-- RECORDED INFORMATION follows --

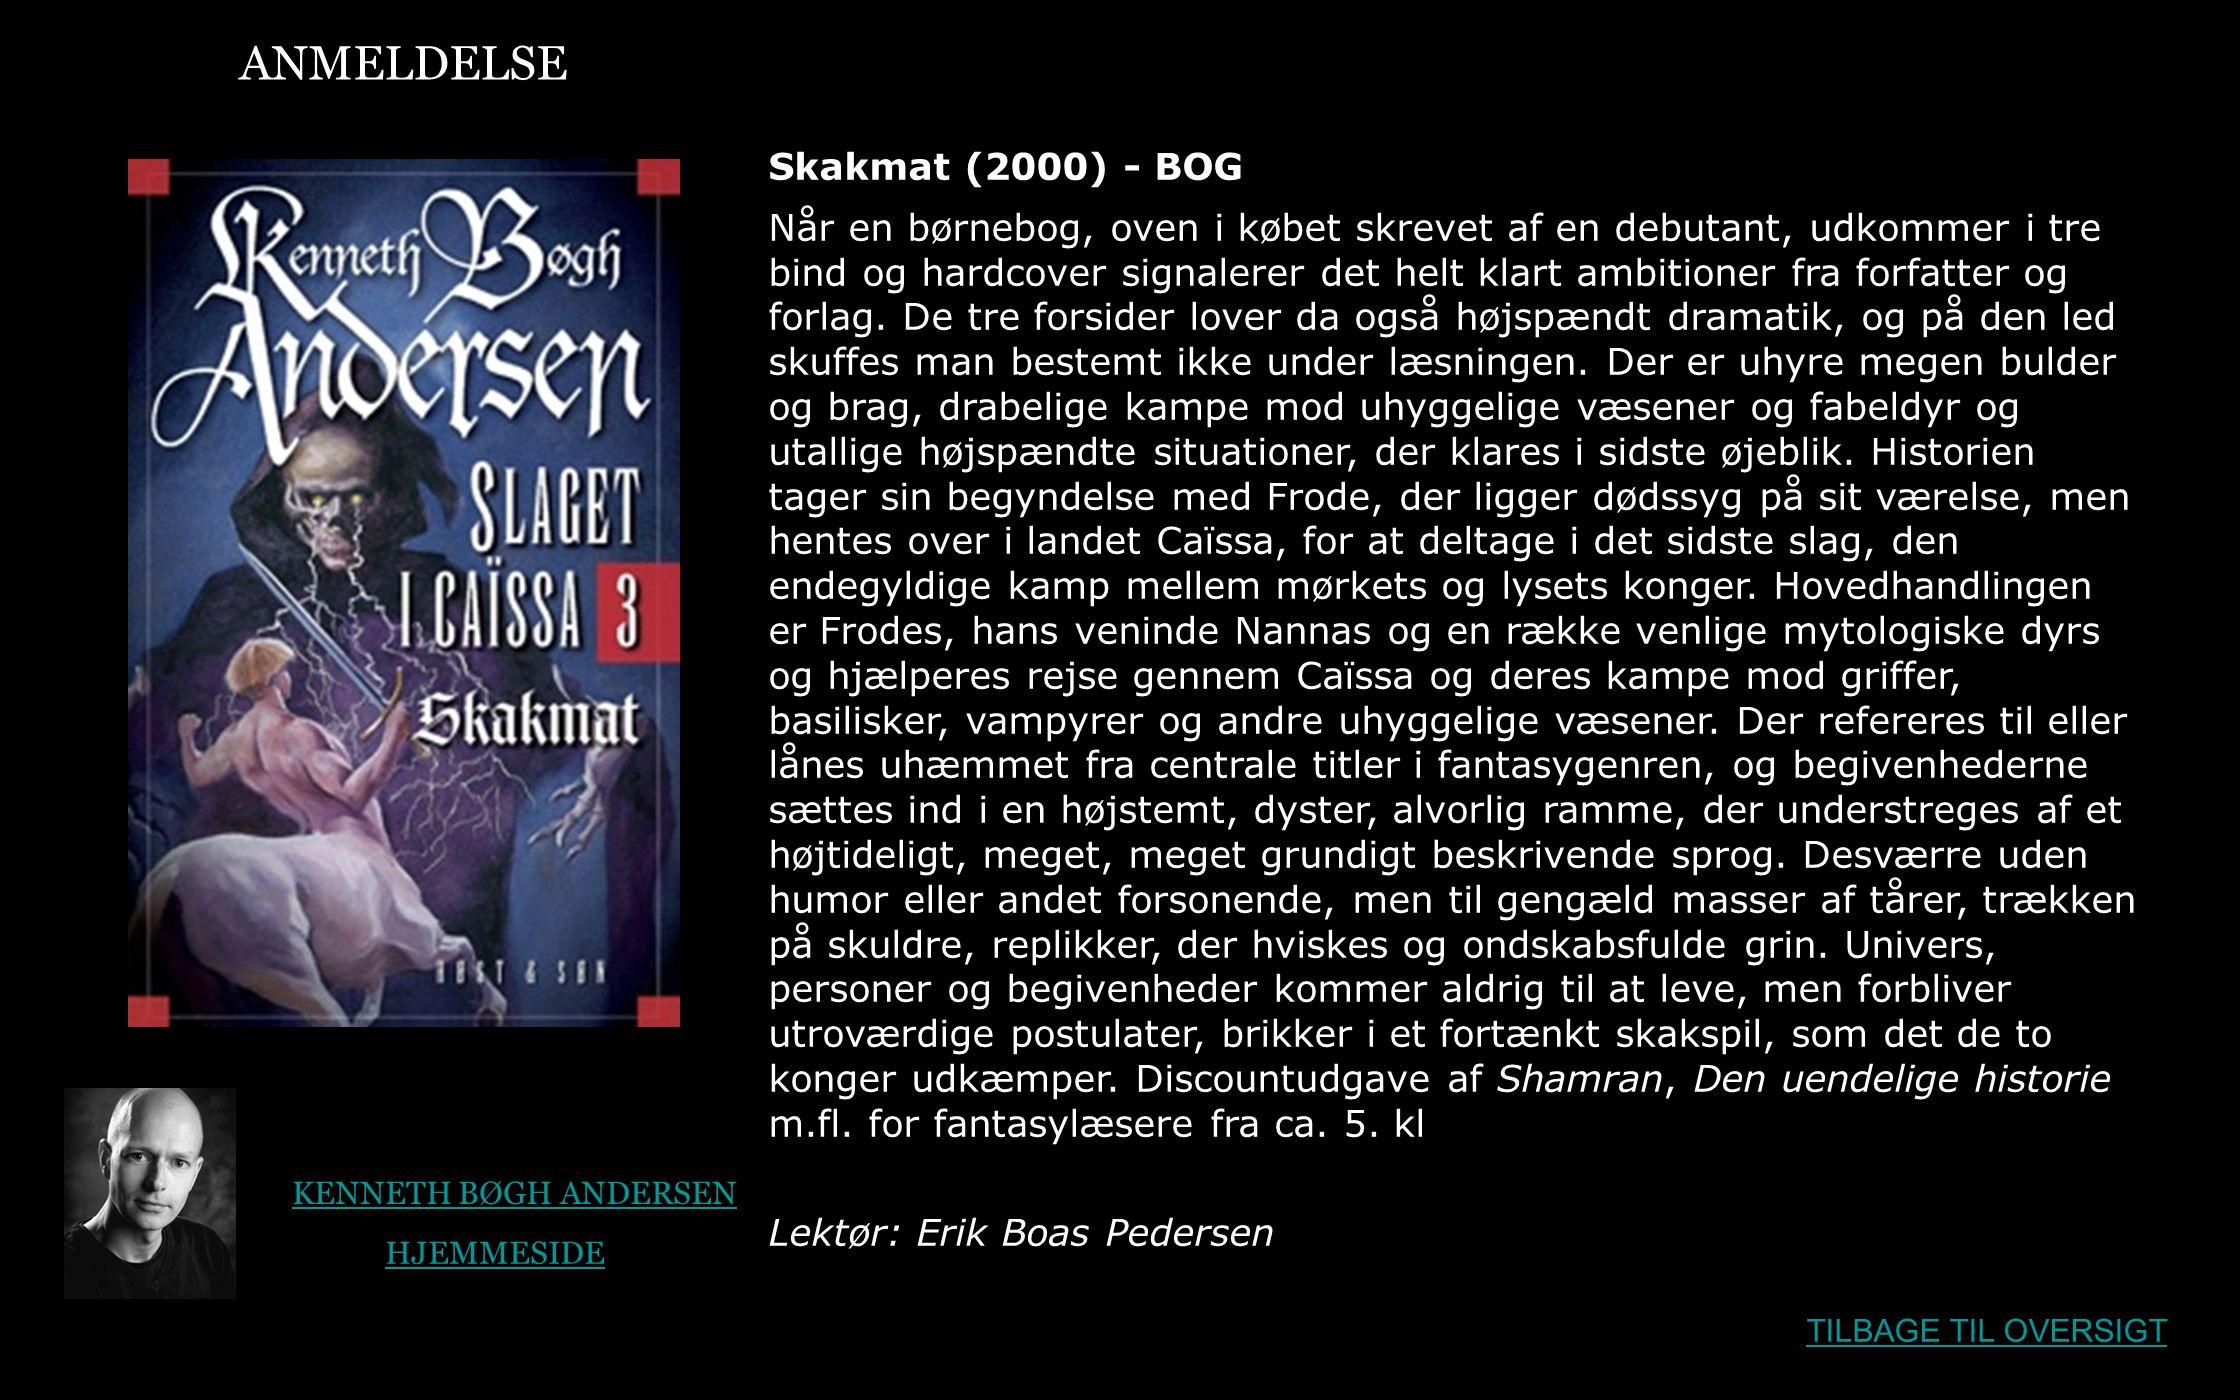 ANMELDELSE Skakmat (2000) - BOG
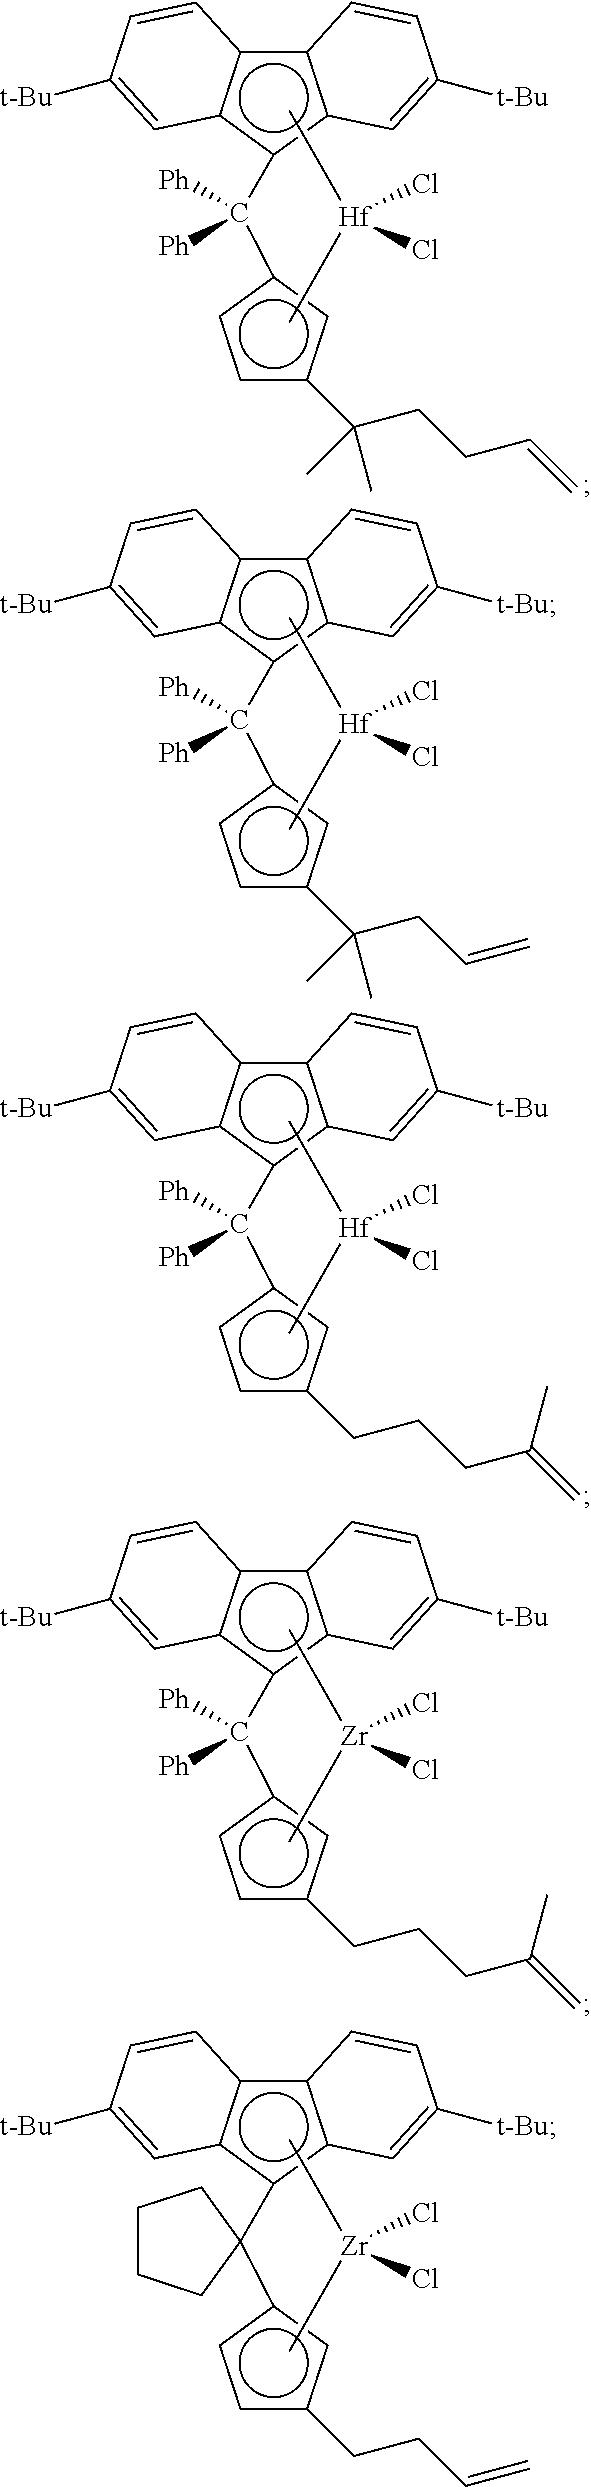 Figure US20110092357A1-20110421-C00002
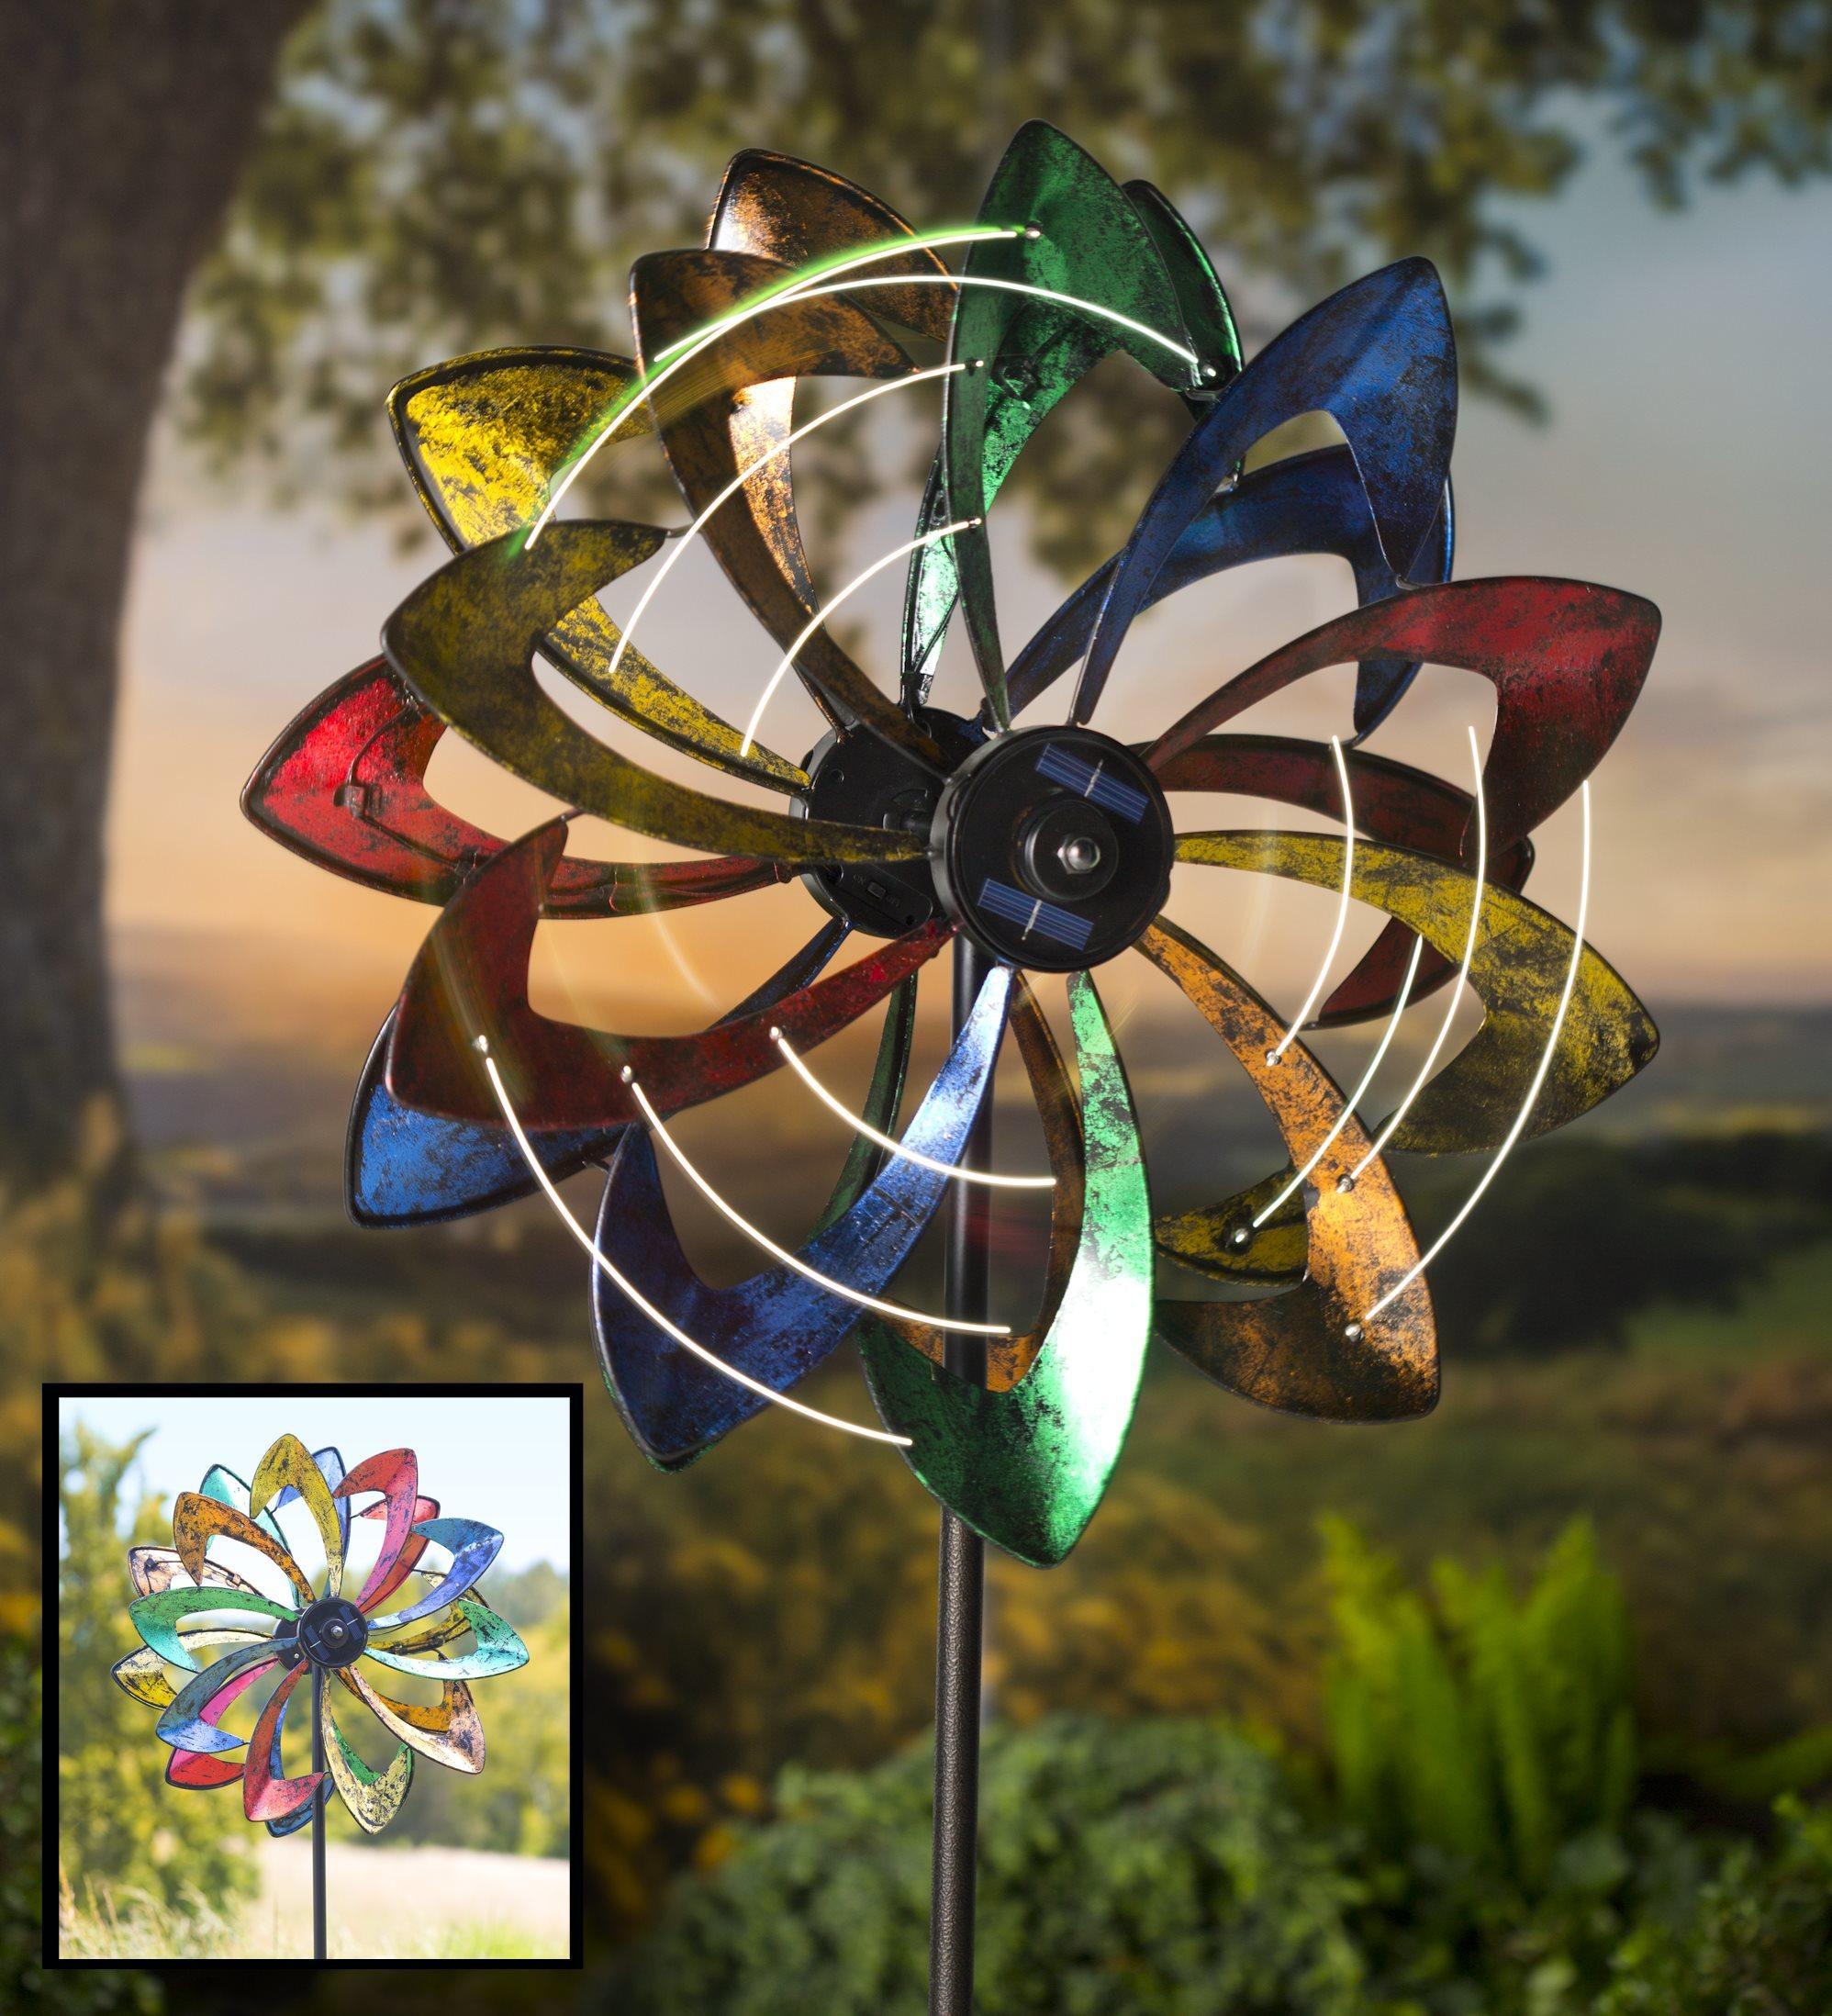 Solar-Powered LED Flower-Shaped Garden Wind Spinner | eBay

-- RECORDED INFORMATION concluded --

* PROBLEM REQUIREMENTS: Here the requirement is to restate exactly the line holding "Figure US20110092357A1-20110421-C00002" and every later line through the end of the material, omitting pictures.

* WRITTEN RESPONSE:
 Figure US20110092357A1-20110421-C00002
 Solar-Powered LED Flower-Shaped Garden Wind Spinner | eBay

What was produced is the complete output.